Those who are still having a high memory usage are invited to check the latest changes in Trac (r6756) and Genshi ([G816]), as we think that very substantial progresses have been made.

Please report your findings!

comment:79 Changed 9 years ago by xarquonster@…

Cc: xarquonster@… removed

comment:80 Changed 9 years ago by kts_66@…

Cc: kts_66@… added

comment:81 Changed 9 years ago by bubbamagic87@…

Cc: bubbamagic87@… added

I would like to be added to the CC, but the spam filter keeps blocking my ticket modifications when no text is in the comment box. Below is what it keeps telling me:

Submission rejected as potential spam (SpamBayes determined spam probability of 90.82%)

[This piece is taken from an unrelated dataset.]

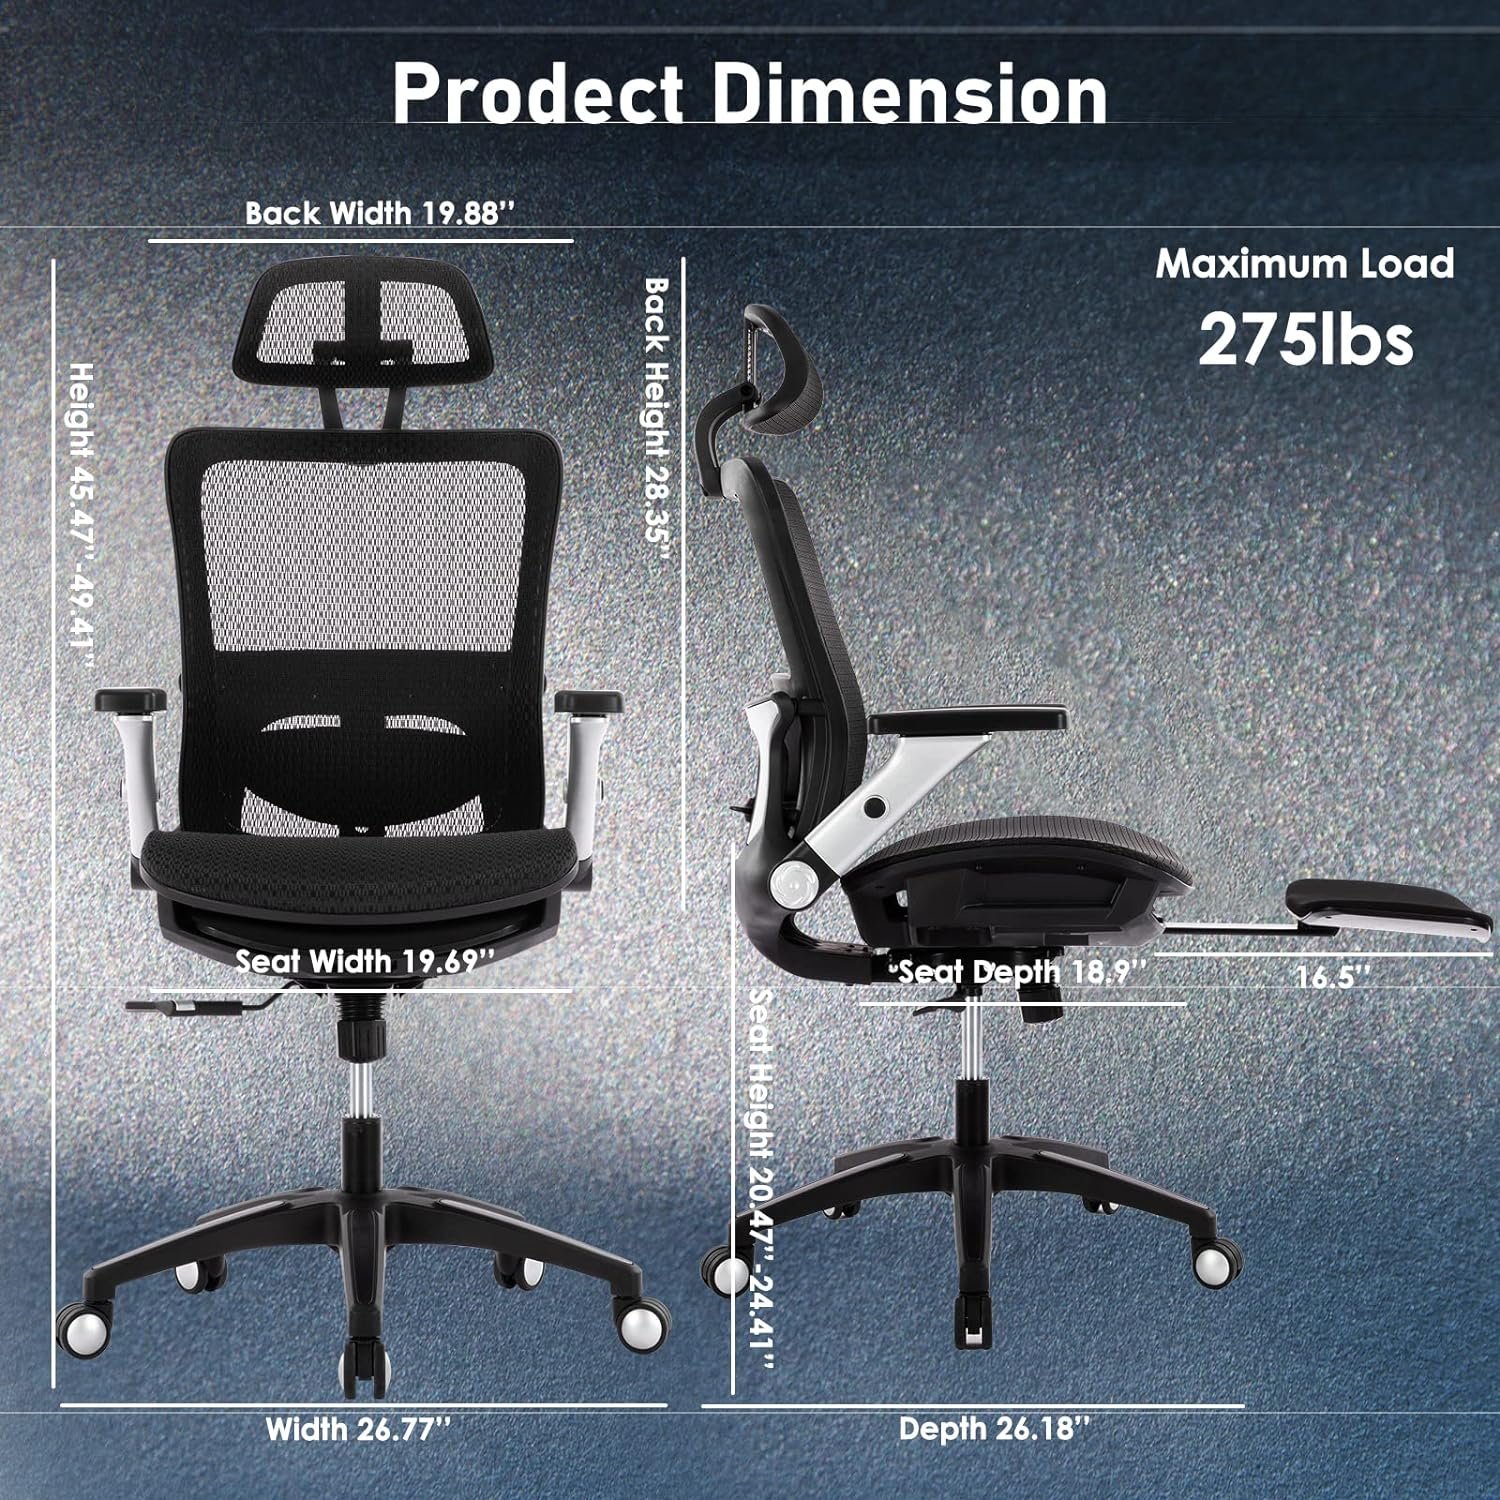 Ergonomic Mesh Office Chair with Footrest, High Back Computer Executive Desk Chair with Headrest and 4D Flip-up Armrests, Adjustable Tilt Lock and Lumbar Support-Black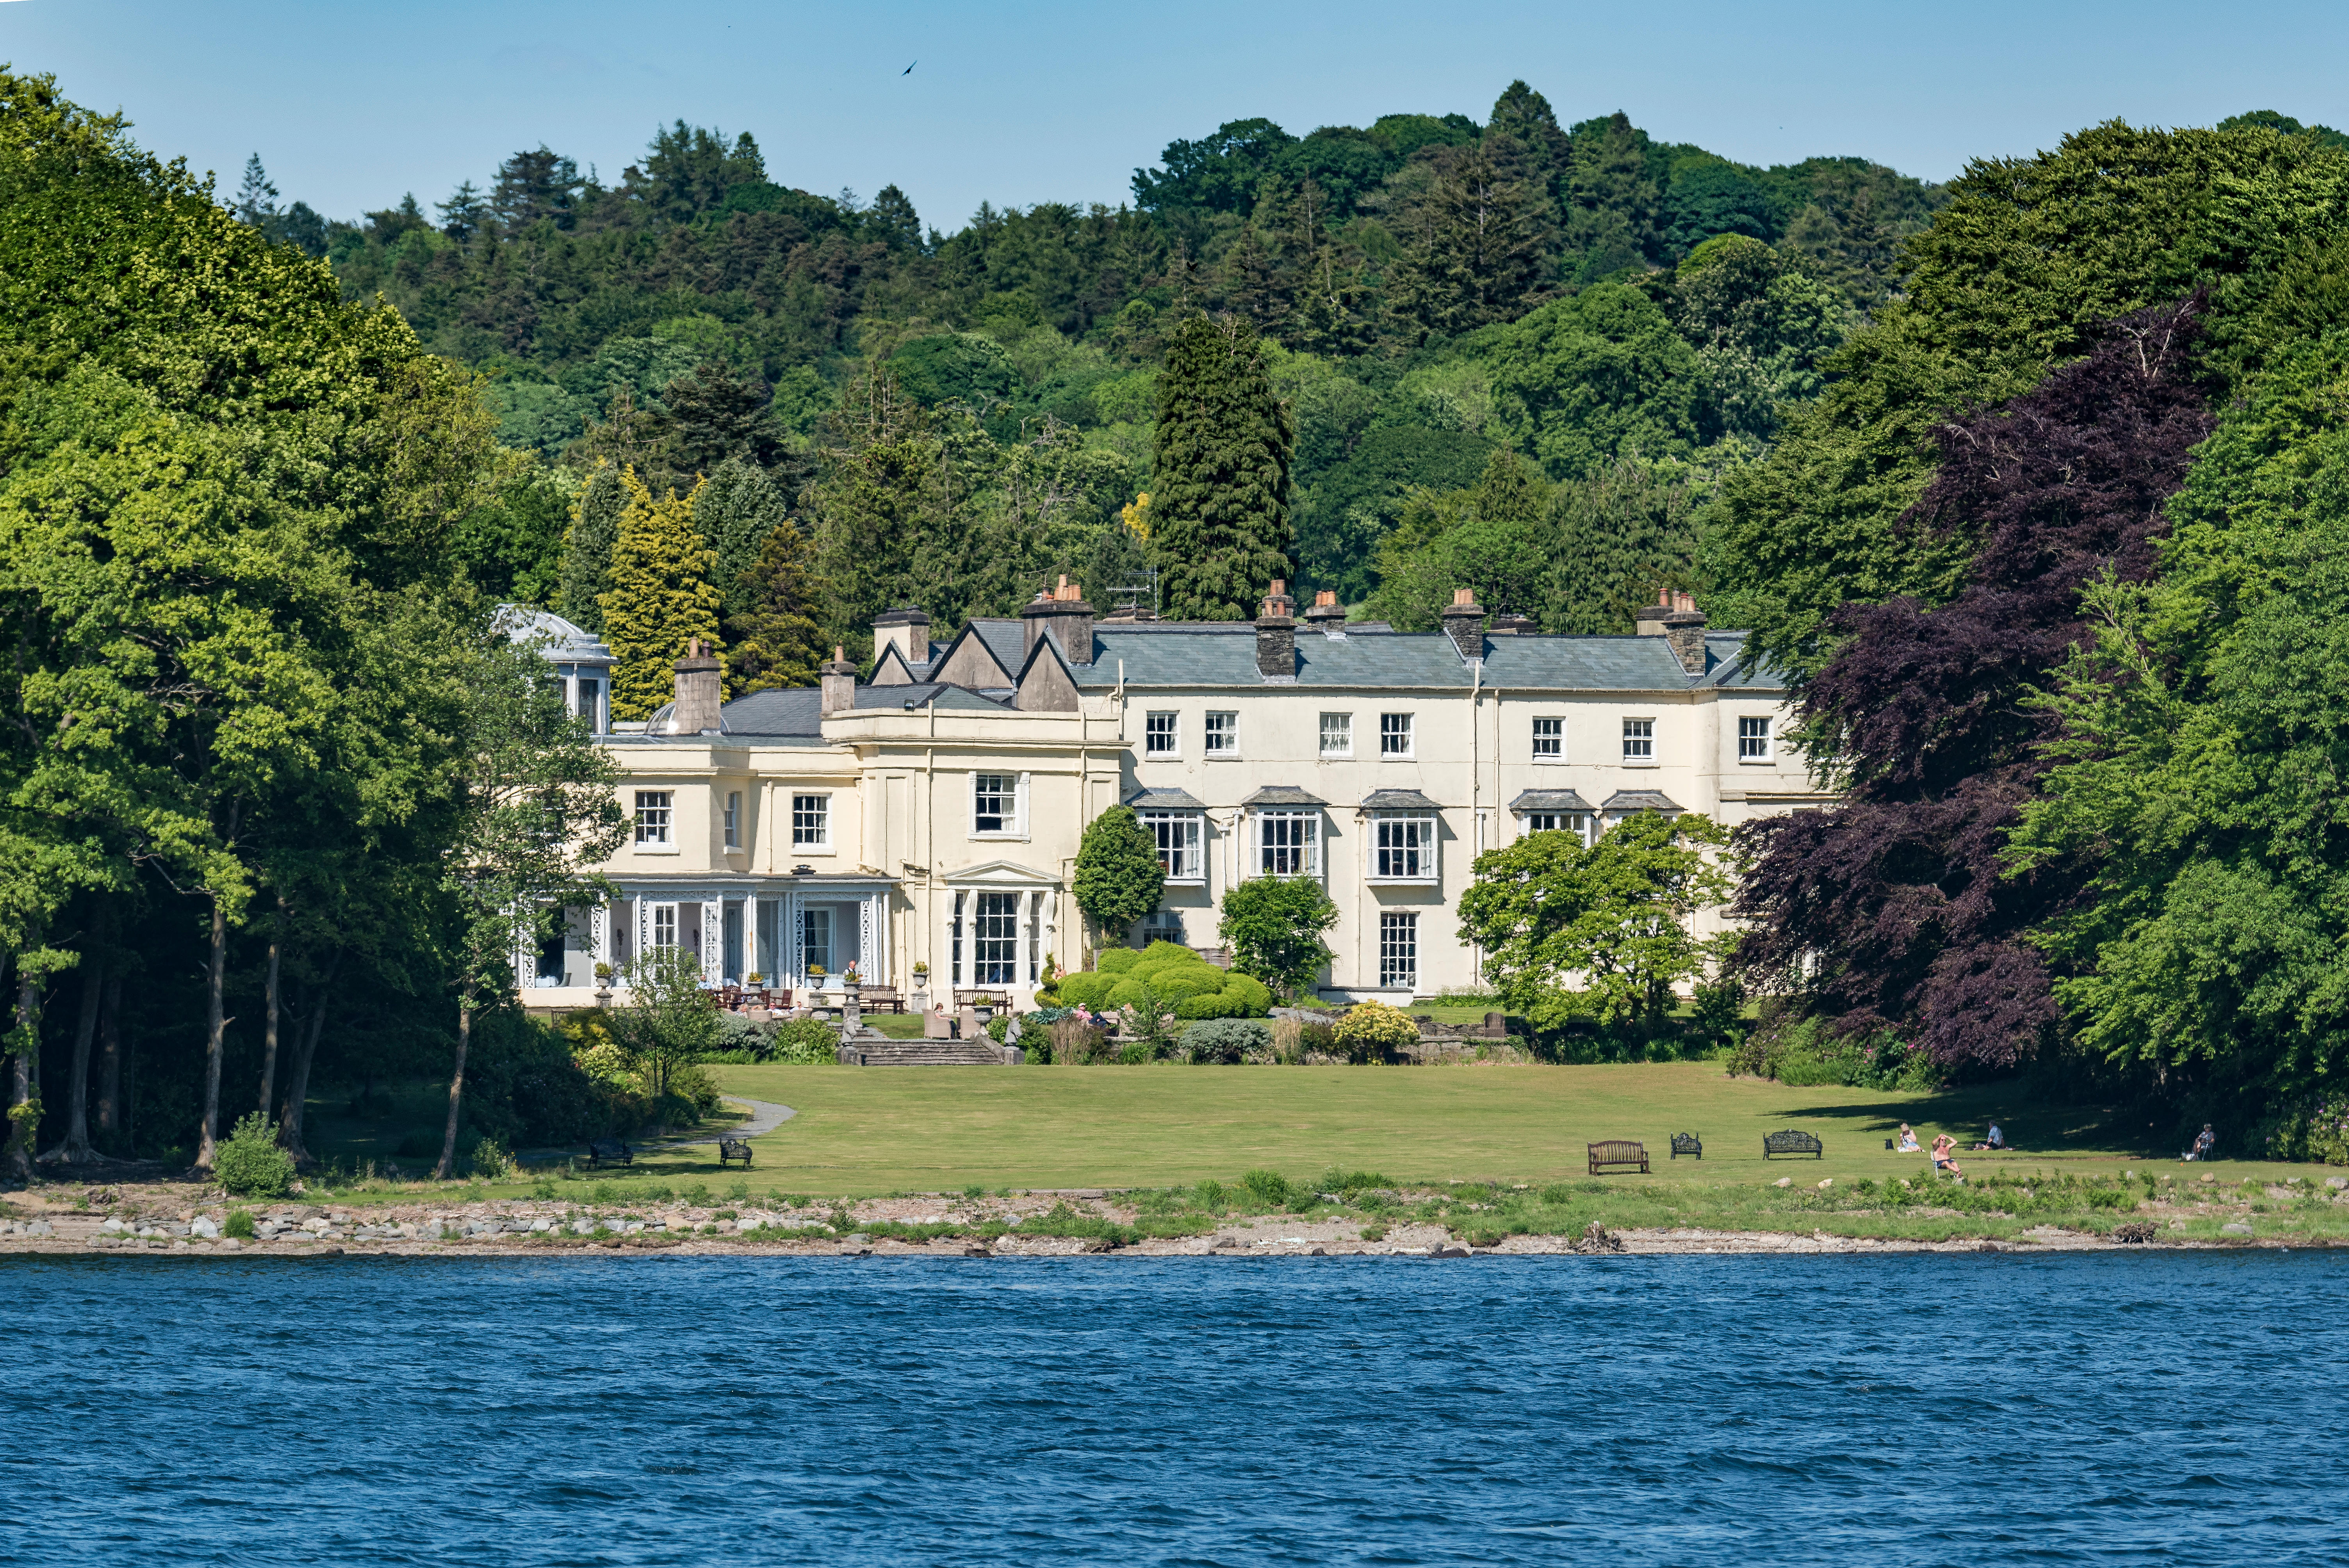 16 Luxury Lake District Hotels You Have To Stay At

comment:82 Changed 9 years ago by gustav.svensson@…

Cc: gustav.svensson@… added

comment:83 Changed 9 years ago by anonymous

Summary: Memory leak using apacheMemory leak using apace

comment:84 Changed 9 years ago by anonymous

Summary: Memory leak using apaceMemory leak using apache

comment:85 Changed 9 years ago by Geoff Reedy <gereedy@…>

I just found out about a python heap profiler called heapy (part of http://guppy-pe.sourceforge.net/). Has anyone tried using it to track down the cause of the reference leaks? I would give it a go myself, but I have not been able to produce any leaks on my configuration.

Also, there haven't been any responses since comment:78. It would be nice to have an update from people who have encountered the problem, maybe the issue is now resolved.

comment:86 Changed 9 years ago by gustav.svensson@…

I think I suffer from this, but I might not have enough memory to test it. I just know my VPS hangs after some clicking in Trac. I have 256 MB RAM. I am running 0.11b2.

comment:87 Changed 9 years ago by Christian Boos

Severity: blockercritical

While there remains a few memory issues, I think we can no longer consider it to be a blocker. Latest trunk of both Trac and Genshi should now behave sensibly, even more so when using Python 2.5 (or later).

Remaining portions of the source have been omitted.